A psicóloga Celma Ricardo critica o modelo de reabilitação no país. “Não temos um centro composto – em que o indivíduo não precise de sair de um hospital para o outro. Não temos uma unidade que sustente um indivíduo para uma reabilitação completa, com capacidade de fazer um acompanhamento psicológico, com psiquiatra a dar assistência e actividades para ocupar uma pessoa internada, de modo a fazê-la parar de consumir drogas)”, justificou.

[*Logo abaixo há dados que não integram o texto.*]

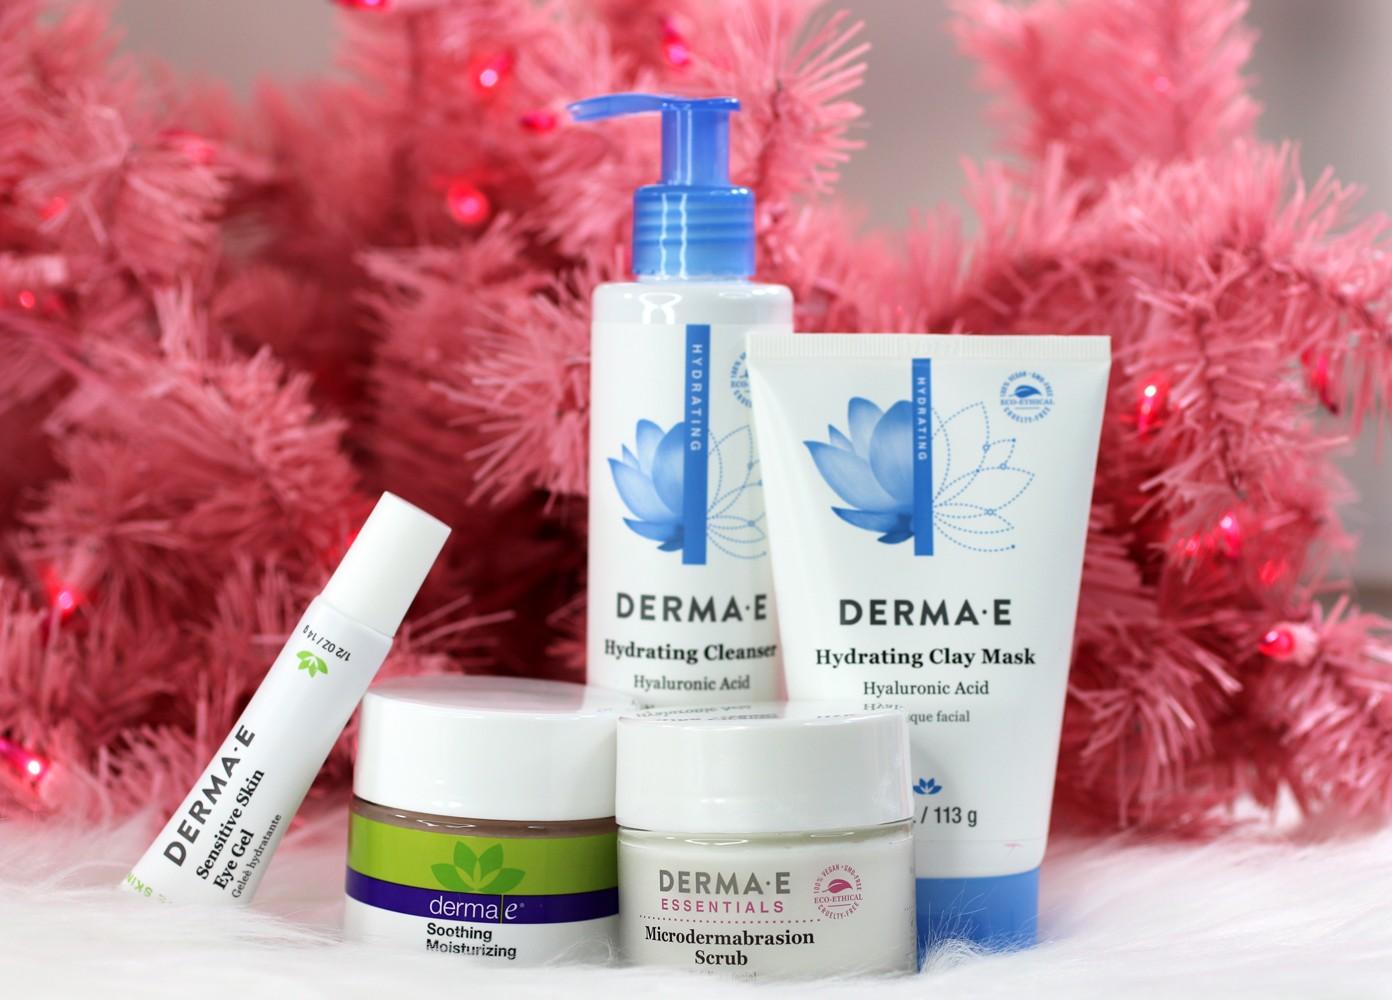 Derma E Beauty Prep Gift Set

A Direcção de Saúde da Cidade de Maputo reconhece o problema e promete melhorias.

“Junto ao Governo, estamos a trabalhar para termos um centro de reabilitação para estes casos. Não é de hoje para amanhã que vamos conseguir. Enquanto não aparece esse hospital, vamos trabalhando com o Hospital Psiquiátrico de Infulene”, justificou Maria de Lurdes Sive, da Direcção de Saúde da Cidade de Maputo.

De acordo com o SERNIC, durante os primeiros seis meses deste ano, foram registados perto de 400 processos-crime por tráfico e consumo de droga contra cerca de 300 de igual período de 2021. A quantidade de estupefacientes apreendida ronda os 50 milhões de Meticais.

As Nações Unidas denunciaram, em 2019, que Moçambique é um corredor de grandes volumes de droga.